Era um simples jogo entre ex-jogadores e artistas, dias atrás, mas a faixa estava lá, em um dos pontos da arquibancada do Estádio de São Januário, exibida com orgulho pelos torcedores. As letras já estão meio apagadas, a aparência do pano mostra que ela vem sendo mostrada há muitos anos. É um recado curto, comovente, como se o próprio Vasco estivesse falando, e que remete a um episódio glorioso do passado:
Eu já lutei por negros e operários.
Assim, com um primor de síntese, a torcida remete a um momento em que o Vasco acabou com o racismo nos grandes clubes, abriu as portas para os trabalhadores pobres excluídos pela sociedade da época e, na defesa deles, não teve dúvidas em romper com o sistema. Ficou ao lado dos desamparados. Isso lá no distante 1923, apenas 35 anos depois da Lei Áurea e muitas décadas antes de Zumbi dos Palmares ser entronizado como um dos heróis do país. É bom olhar para as arquibancadas de um estádio, mesmo durante um jogo de verão, e ver que uma torcida vibra de orgulho com um momento glorioso de seu clube, em vez de repetir a linguagem bélica comum a muitas outras.
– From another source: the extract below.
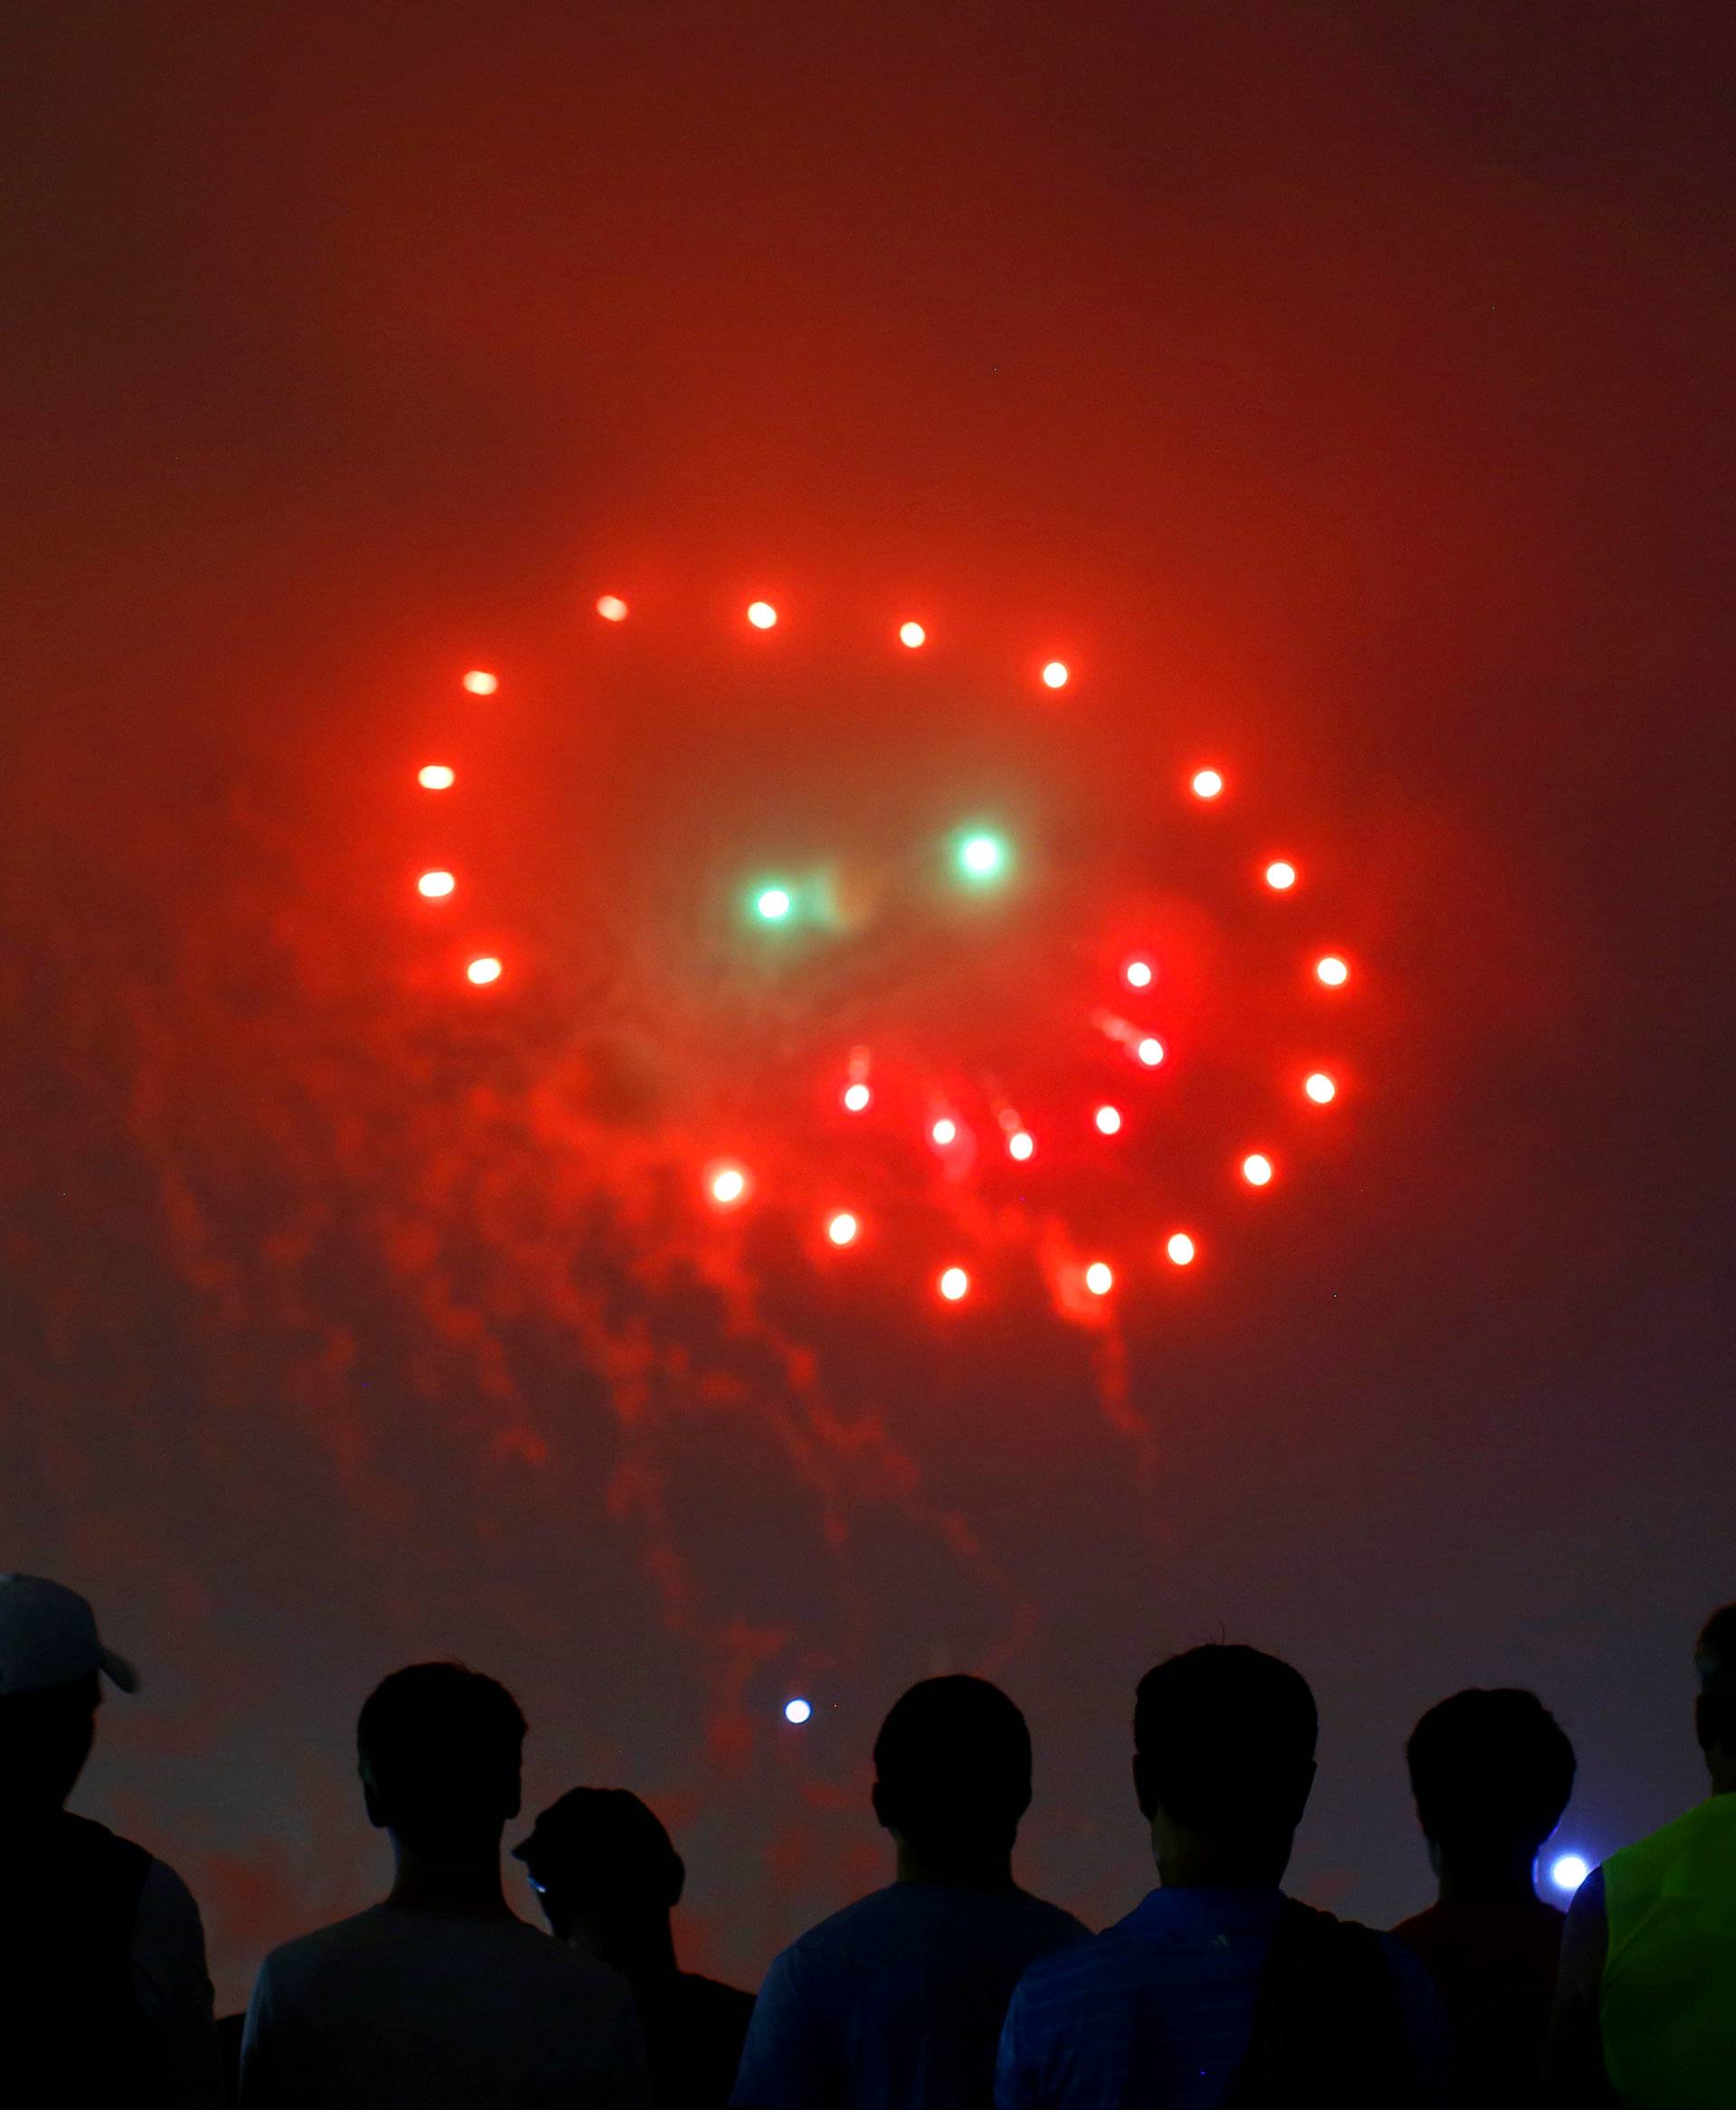 People watch fireworks in the form of a 'smiley face' during the 4th of July Independence Day celebrations at the National Mall in Washington, U.S.
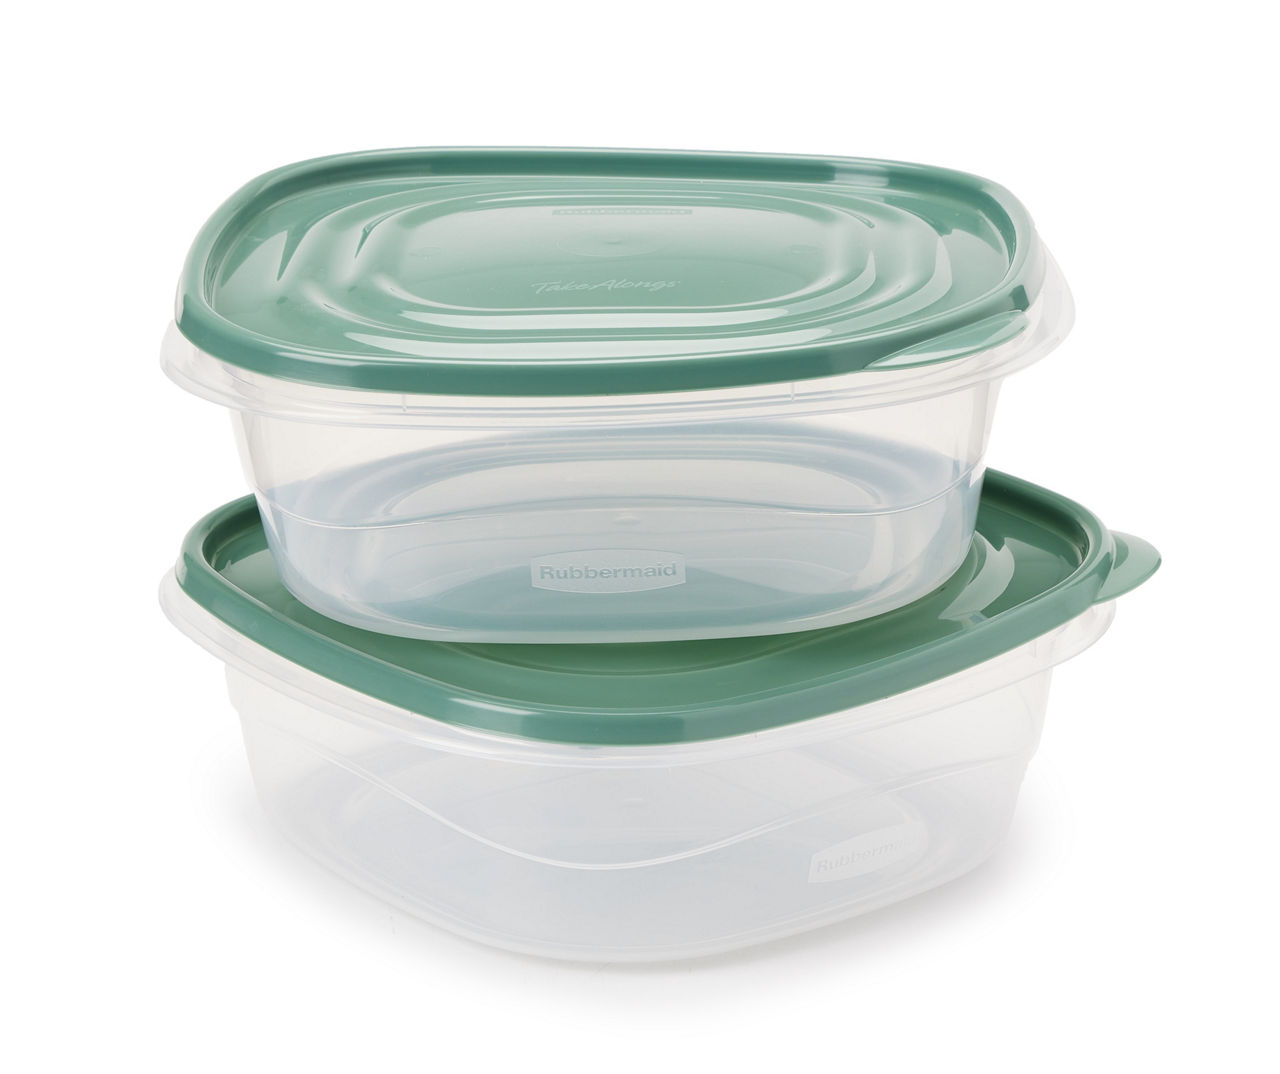 Rubbermaid Take Alongs 2.9 Cup Square Storage Container Set Blue Spruce (4  ct)

Não foi pouco o que o Vasco, o clube da Cruz de Malta (foto), fez naqueles primeiros anos do século 20. Equipe pequena, recém-promovida à primeira divisão, conquistou logo o título de 1923. Não foi isso que revoltou a sociedade e provocou a ira dos aristocráticos clubes do Rio, mas sim o fato de o time campeão ser formado por trabalhadores humildes, brancos, negros e mulados, sem dinheiro nem posição social, como revelou em uma série de crônicas publicadas nos anos 70 o jornalista Álvado do Nascimento. O grupo de jogadores incluía 12 negros, jogadores que não tinham espaço nos clubes ou na própria sociedade. Diante da coragem do Vasco, dirigentes de Fluminense, Botafogo, Flamengo e América convocaram reunião da Liga Metropolitana e decidiram excluir os jogadores mais humildes, com a alegação de que praticavam o profissionalismo, que era proibido. Era mera desculpa porque todos tinham jogadores assim, mas nenhum dos integrantes das equipes grandes foi incluído na lista de nomes lida durante a reunião. Irritados pela resistência dos pequenos, aliados do Vasco, os grandes fundaram outra liga, certos de que os excluídos voltariam humilhados. Foi então que o Vasco assumiu a liderança do movimento.
Além de manter seu clube ao lado dos excluídos, o presidente do Vasco, José Augusto Prestes, enviou ofício à federação negando-se a participar da nova associação. Estava decidido a manter seus jogadores negros. O documento, datado de 7 de abril de 1924, é considerado o passo decisivo para o fim do racismo no futebol. São esses 12 jogadores jovens quase todos brasileiros no começo de sua carreira, e o ato público que os pode macular nunca será praticado com a solidariedade dos que dirigem a casa que os acolheu nem sob o pavilhão que eles com tanta galhardia cobriram de glórias, diz um trecho do ofício. Ou seja: ao ter de escolher entre os aristocratas da liga, brancos e ricos, e seus jogadores negros e pobres, o Vasco não teve qualquer dúvida sobre o lado certo.
É algo para orgulhar qualquer torcedor. É bom que a faixa fique sempre bem visível. O resto do país precisa ver até para que eventuais racistas do século 21 fiquem tão constrangidos e derrotados quanto os aristocratas de 1923.